You completed your summary with reference to my "Goliath", writing, in part:
> (W)e saw (in post #8172) thatI have taken note! :o)
> you (DBWillis) deny the GRAS
> argument, because you think
> that if we take geological science
> seriously then it could be
> that it is not the YEC interpretation
> that is wrong but it is the
> Bible itself that is wrong.
> (Robert, take note.)
Given DBWillis' tendency to equivocation and dodging and all of that, I'm really not so sure that is his position, though it may "appear" to be.
In any case, as I have explained on other occasions, it is understood that, for some, there is an option that the "Word of God" is wrong.
I doubt that "the Word of God is wrong" is really an option for DBWillis.
In any case, the premise of the "Goliath of GRAS" has to do with dealing specifically with the "young-earth, creation-science" movement and its fundamental "nothing is more than a few thousand years old" claim.
For them, it is not an option for the "Word of God" to be wrong. That the "Word of God" is not wrong is an undisputed "given" for purposes of dealing with the "Goliath of GRAS".
If the Bible is wrong (i.e., not the "Word of God"), then that is a fundamental issue that is not subject to consideration in the "Goliath of GRAS", and one which the "young-earth, creation-science" promoters typically do not entertain.
So, one of the unstated premises of my "Goliath" is that whatever "Word of God" that is put forth to support the claim that "nothing is more than a few thousand years old" is deemed to be such that it cannot be wrong in what it "really" claims.
Given that premise, which is deemed to represent the "young-earth, creation-science" position, the the only other possible result from finding out that some things really are more than a few thousand years old is that the interpretation was wrong.
DBWillis had his chances to help me improve my "Goliath" for its intended purpose. All he could do was throw up his nerf-ball and then run off the court!

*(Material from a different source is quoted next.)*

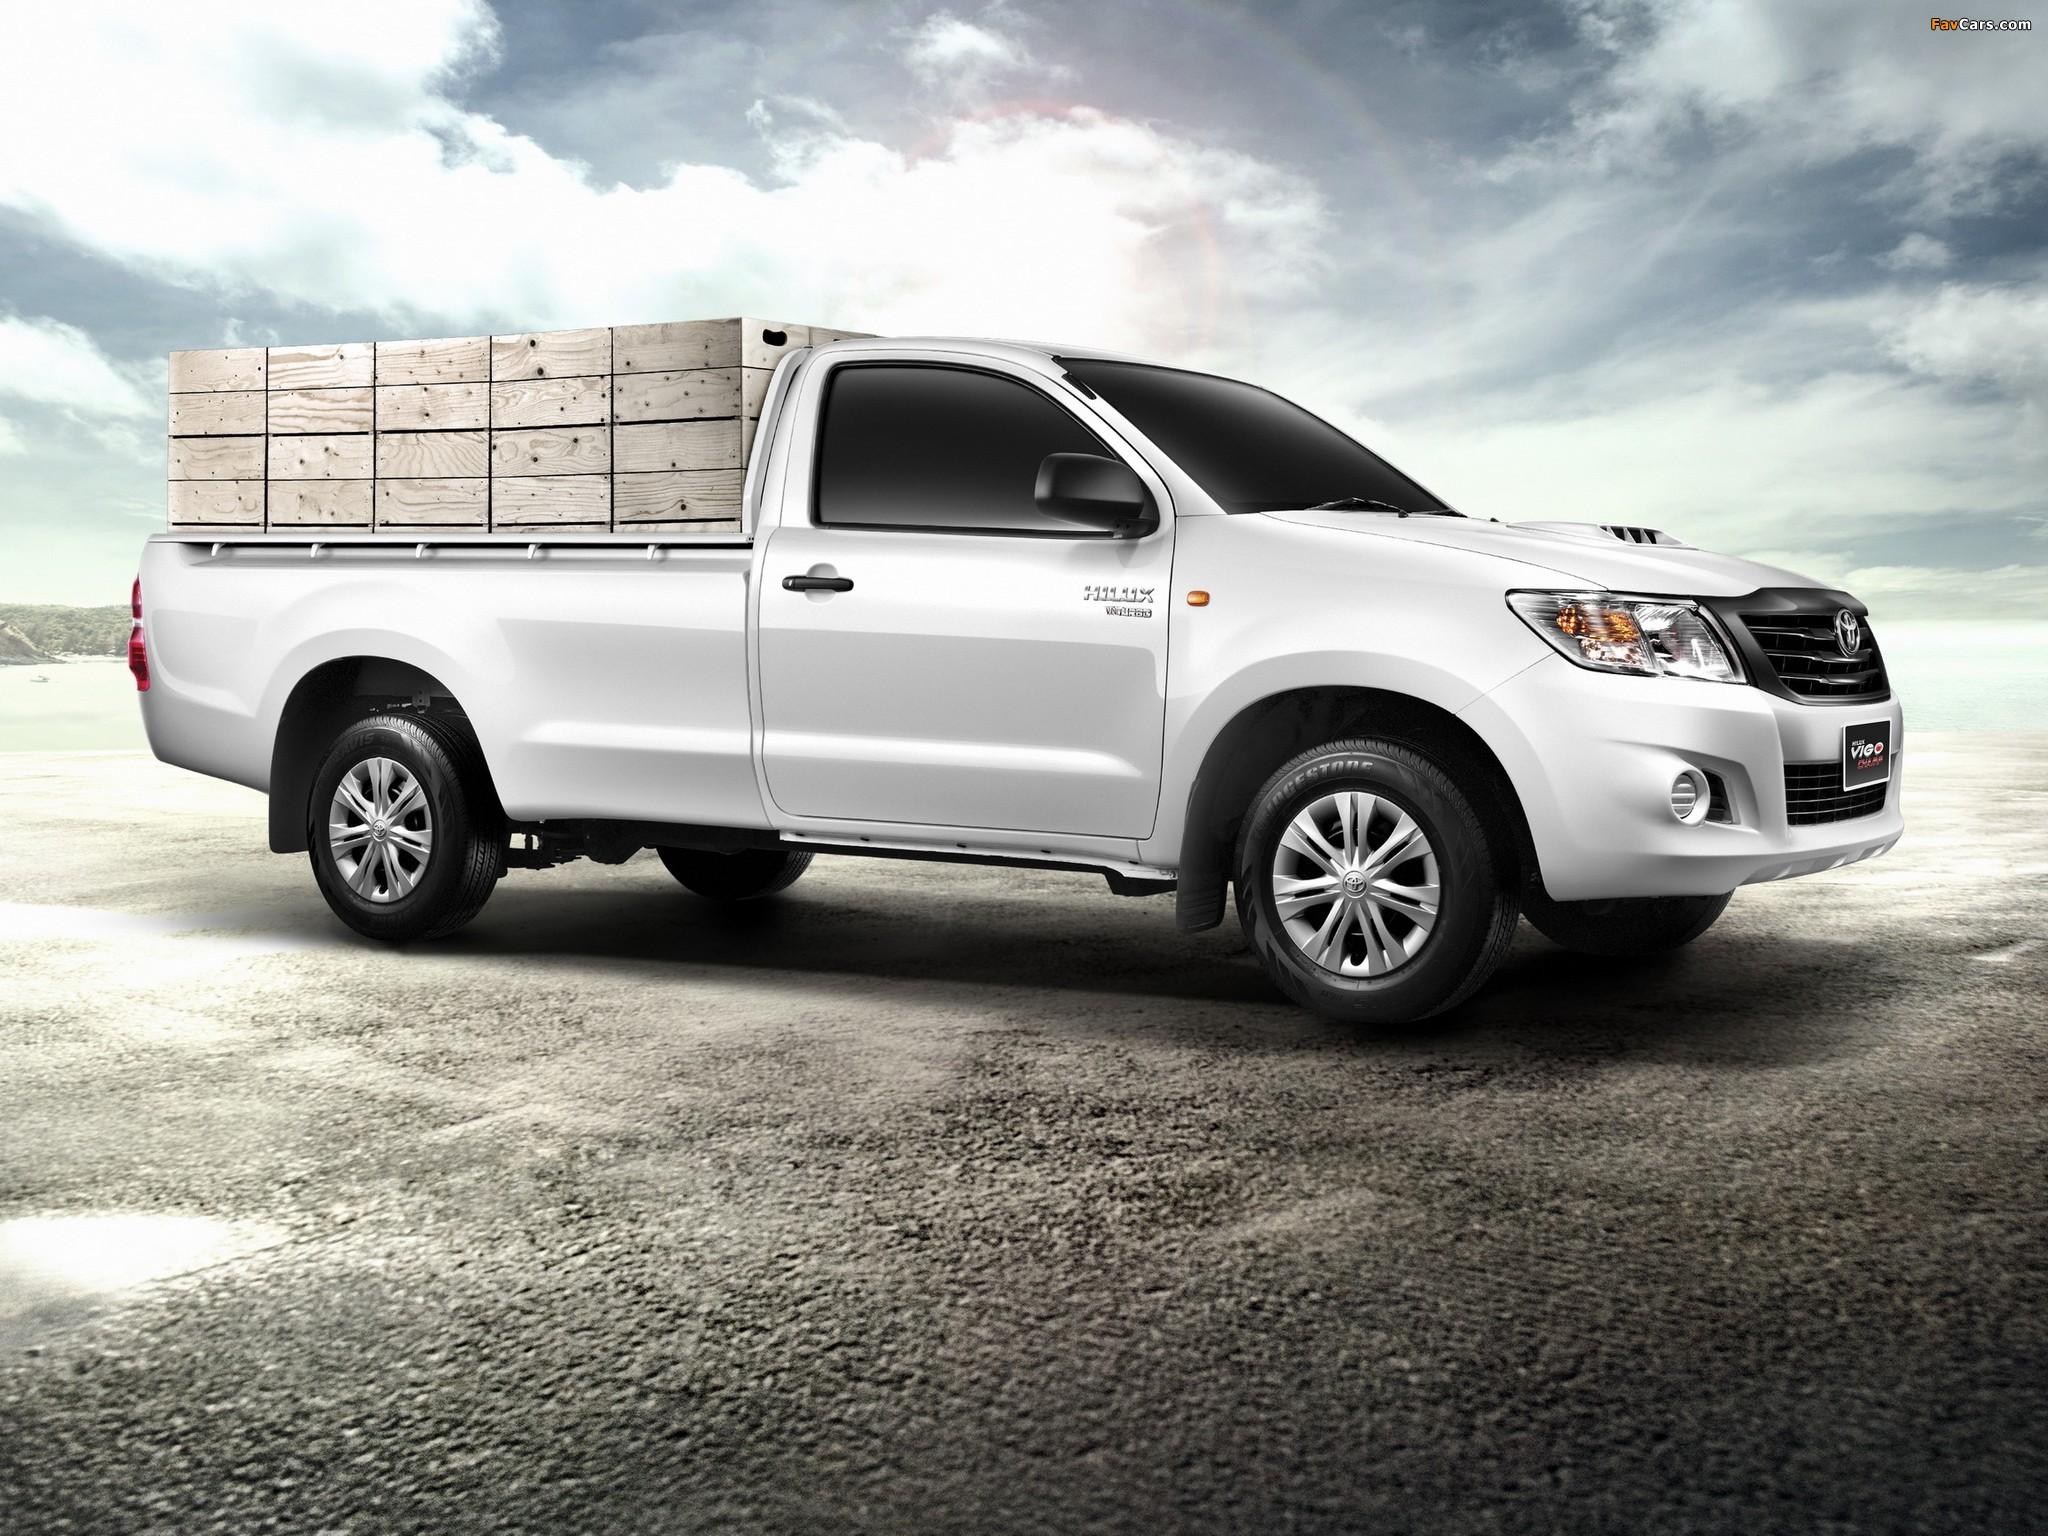 2014 toyota tacoma vigo thailand new car release and price 2012 autos weblog. Black Bedroom Furniture Sets. Home Design Ideas
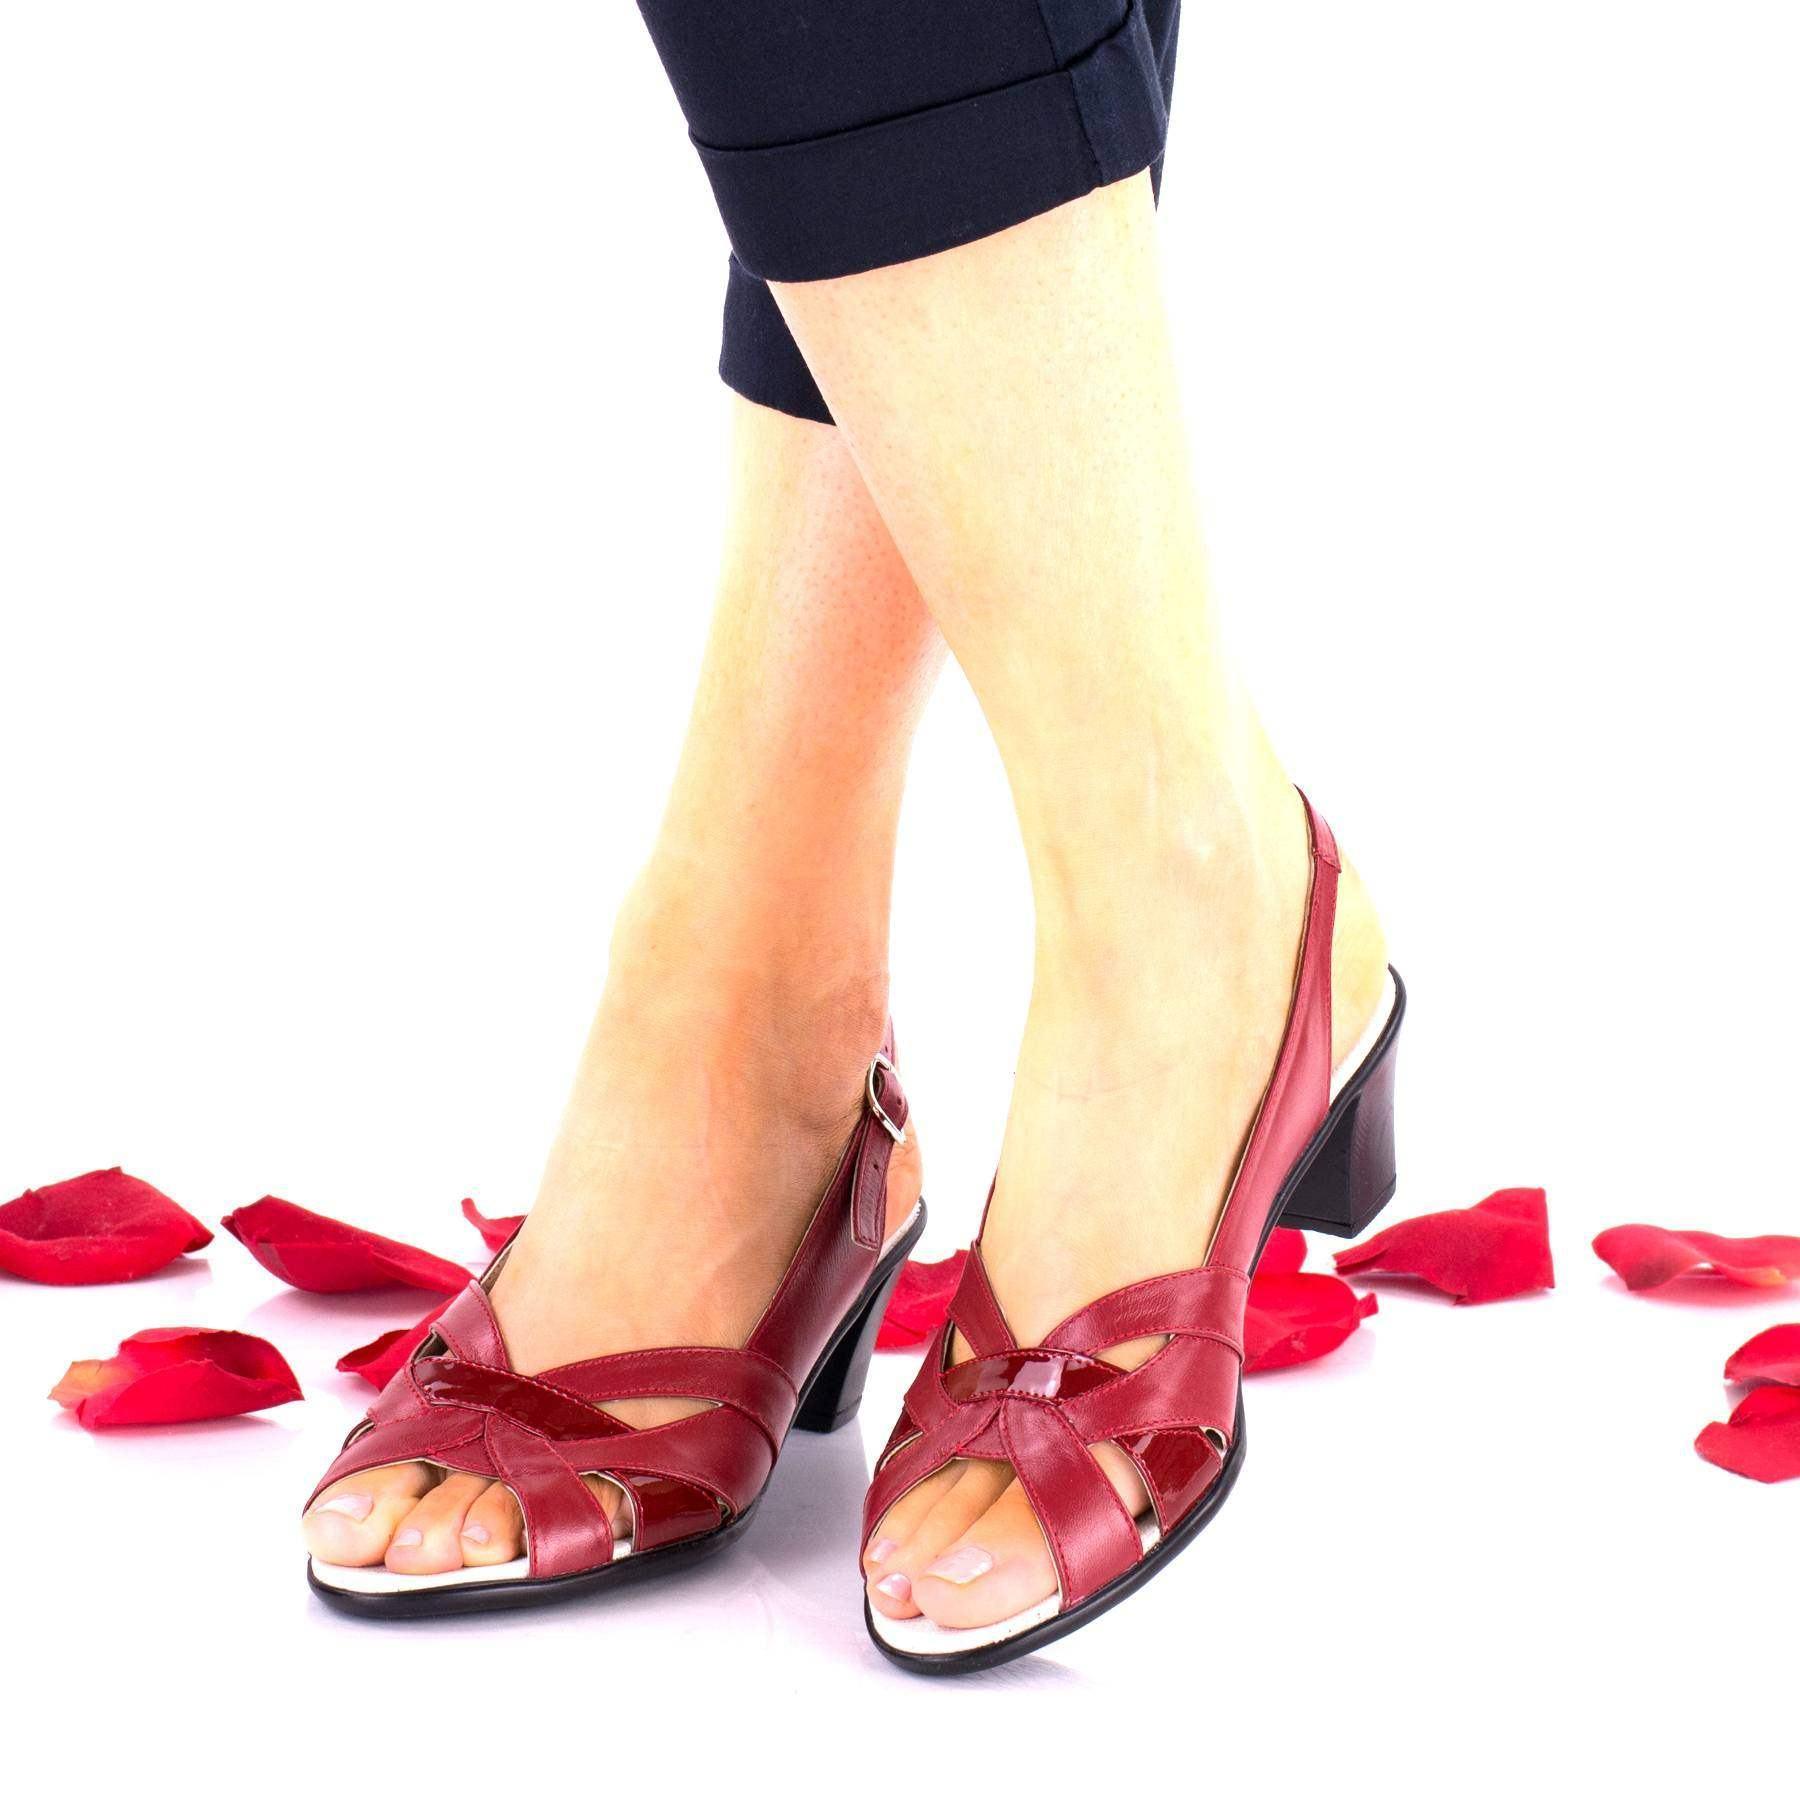 Sandale dama rosii din piele naturala, cu toc 5cm - NA229RPL

P.S. I suppose that, if it is the case that the Bible really does claim that nothing is more than a few thousand years old and is wrong, then my "Goliath of GRAS" will no longer be needed. As with the doubt about those footprints, as long as there are a couple of options, my "Goliath" is going to be the one to beat as to one of them! "Goliath" can't do it all, but it can do its part, and I think it does that rather well.